One of my first professional colleagues kept a quotation on the wall of his office:
Things take longer than they do.
— Bill Deterline
To me, Deterline was distilling the real world: complications arise. You don’t know what you don’t know.
An item in today’s Washington Post adds another tally to the Deterline side of the equation.
I’ve read for years about “junk DNA,” the apparently useless segments that make up long stretches of genetic code. In this view, up to 95% of the human genome consisted of segments for which no function had been identified.
Till now, that is.
29 scientific papers published today, according to the Post report, provide evidence that the “vast majority” of this junk DNA is “busily toiling at an array of previously invisible tasks.”
One implication is that many, and perhaps most, genetic diseases come from errors in the DNA between genes rather than within the genes, which have been the focus of molecular medicine.
Complicating the picture, it turns out that genes and the DNA sequences that regulate their activity are often far apart along the six-foot-long strands of DNA intricately packaged inside each cell. How they communicate is still largely a mystery.

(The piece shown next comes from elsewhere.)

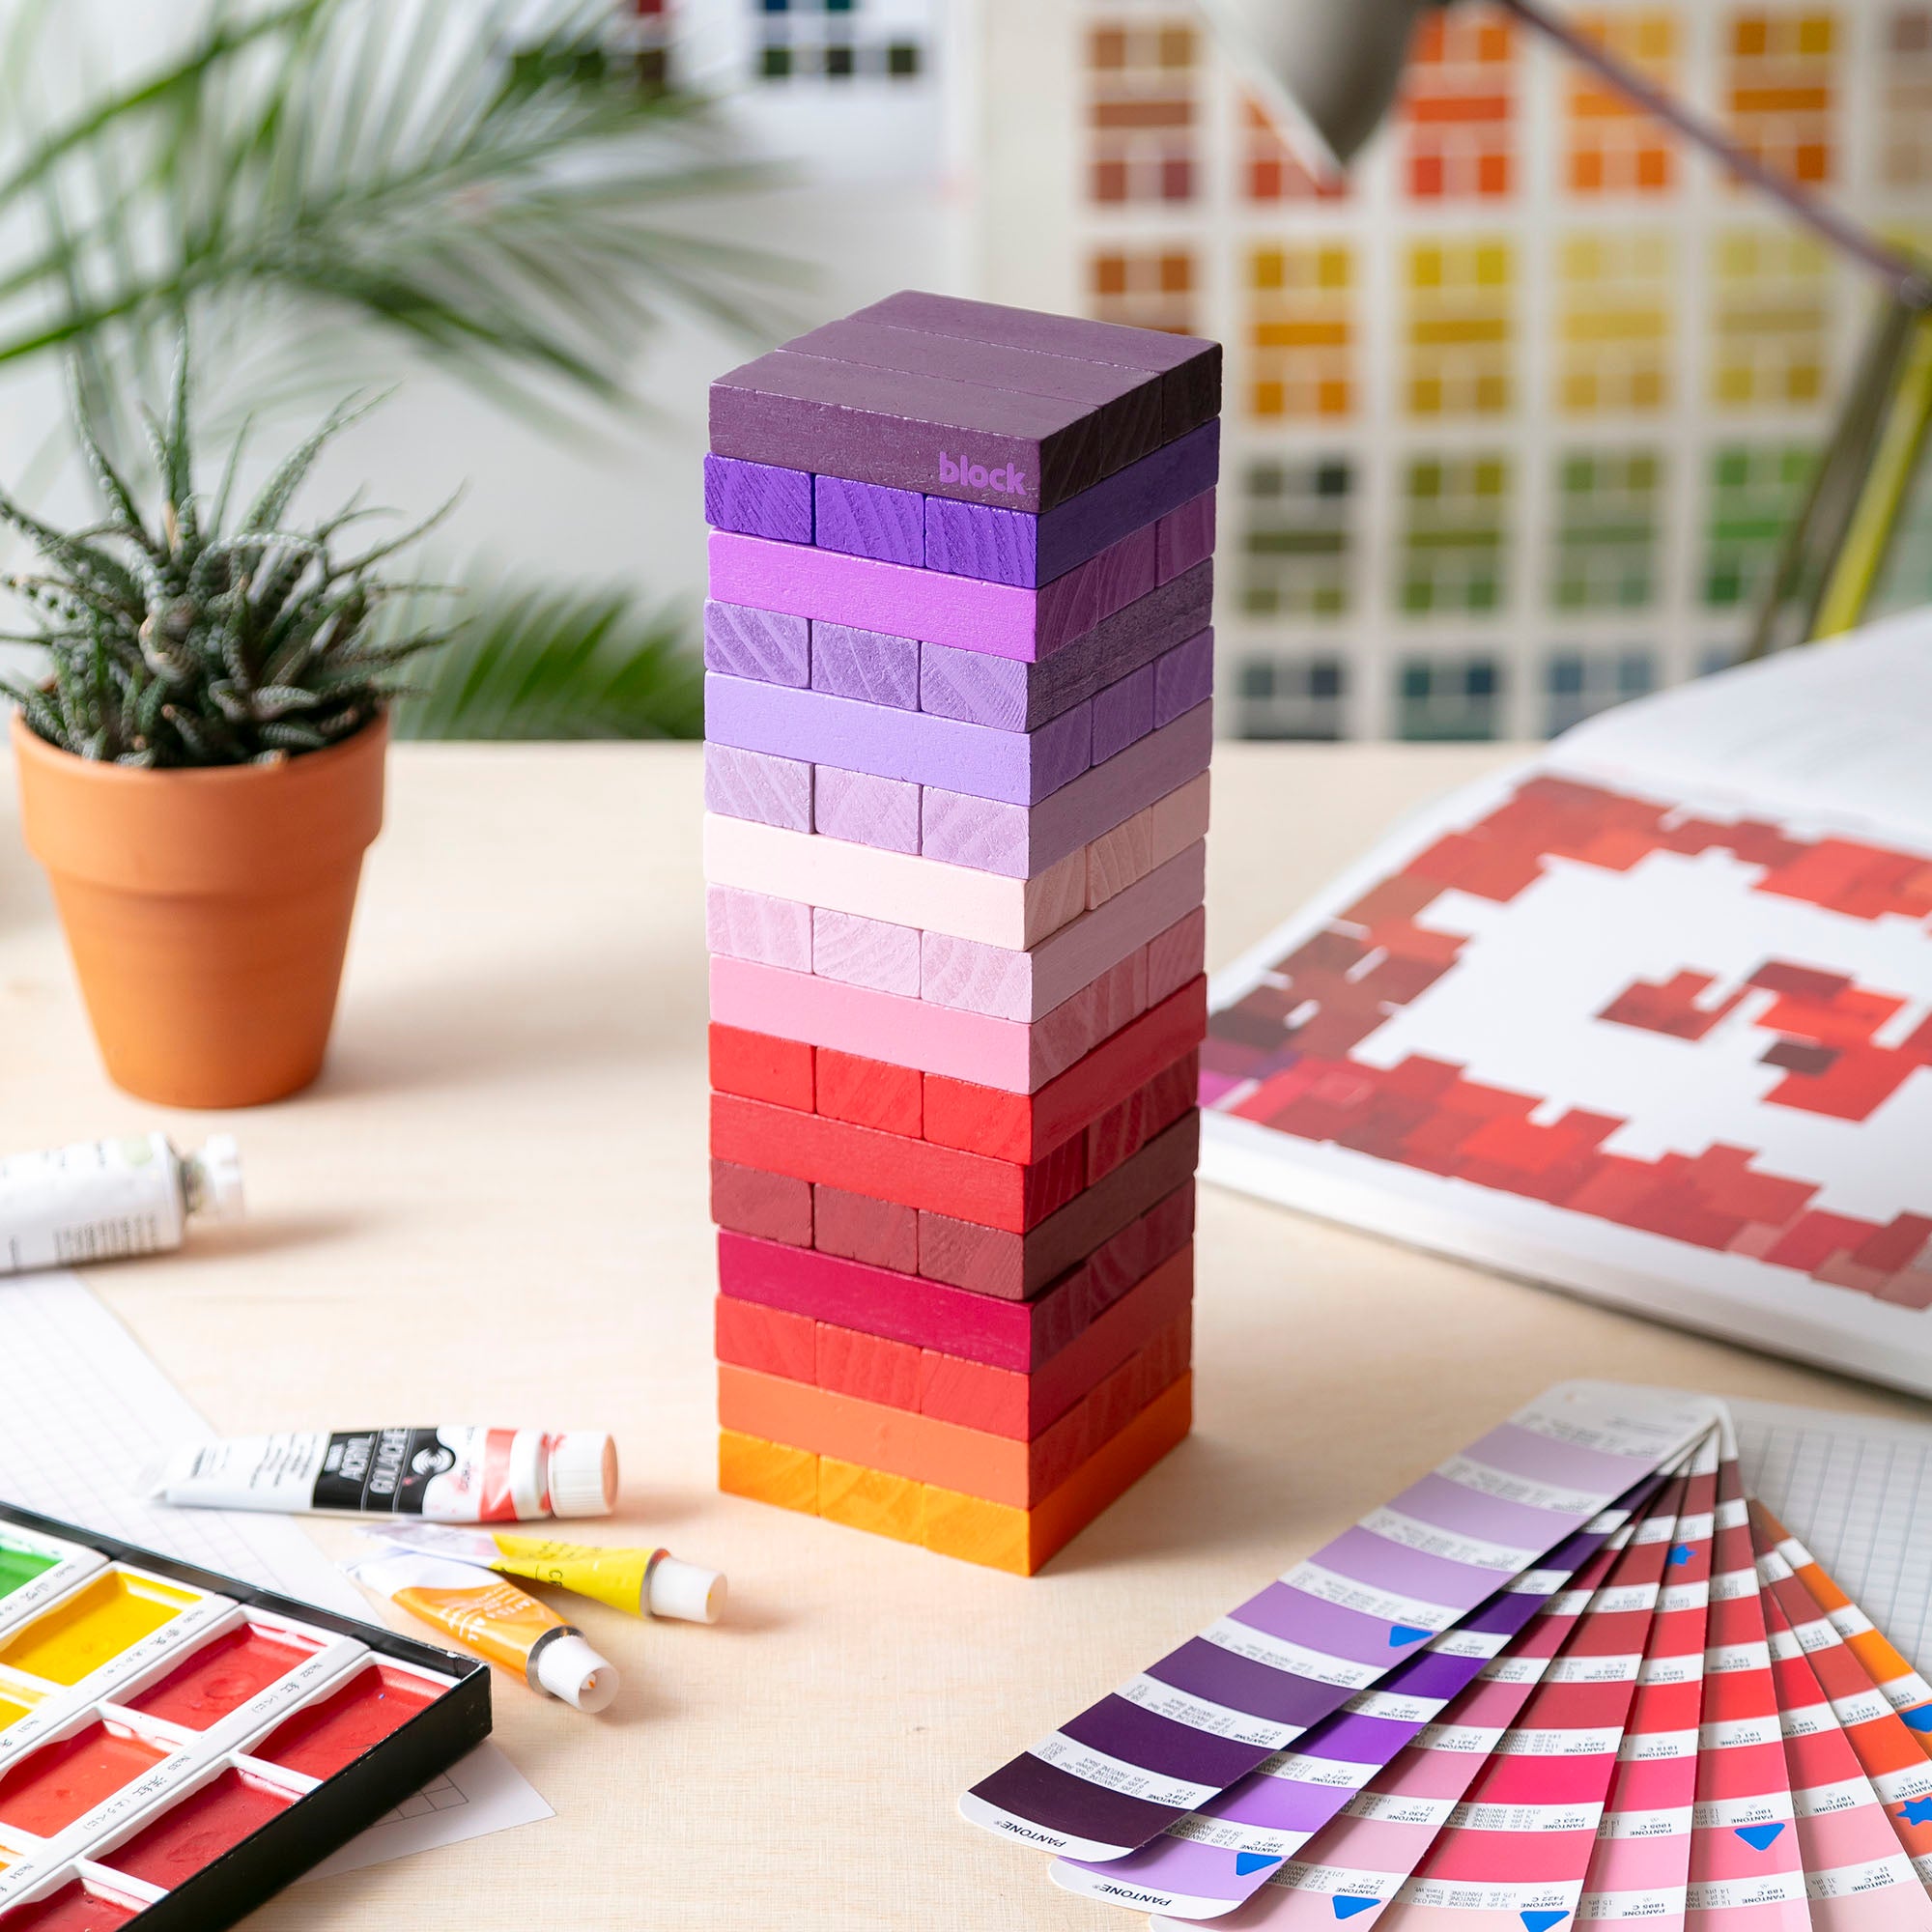 Tumbling Tower with bricks coloured in a warm gradient

I once heard James Watson, co-discoverer of the DNA double helix, speak about genetics. He described the human genome project as finding all the letters in the genetic code — an essential first step, but something like finding all the letters in a book written in Russian. Researchers would next need to learn the vocabulary of genetics, and the grammar, and the syntax.
Junk DNA isn’t as junky as we might have thought. It’s more complicated than it is.Â Take a look at this great graphic on the Post site.
One reminder for me is that even when I think I know what’s going on in a situation, the reality is likelier more complex, less easily mastered.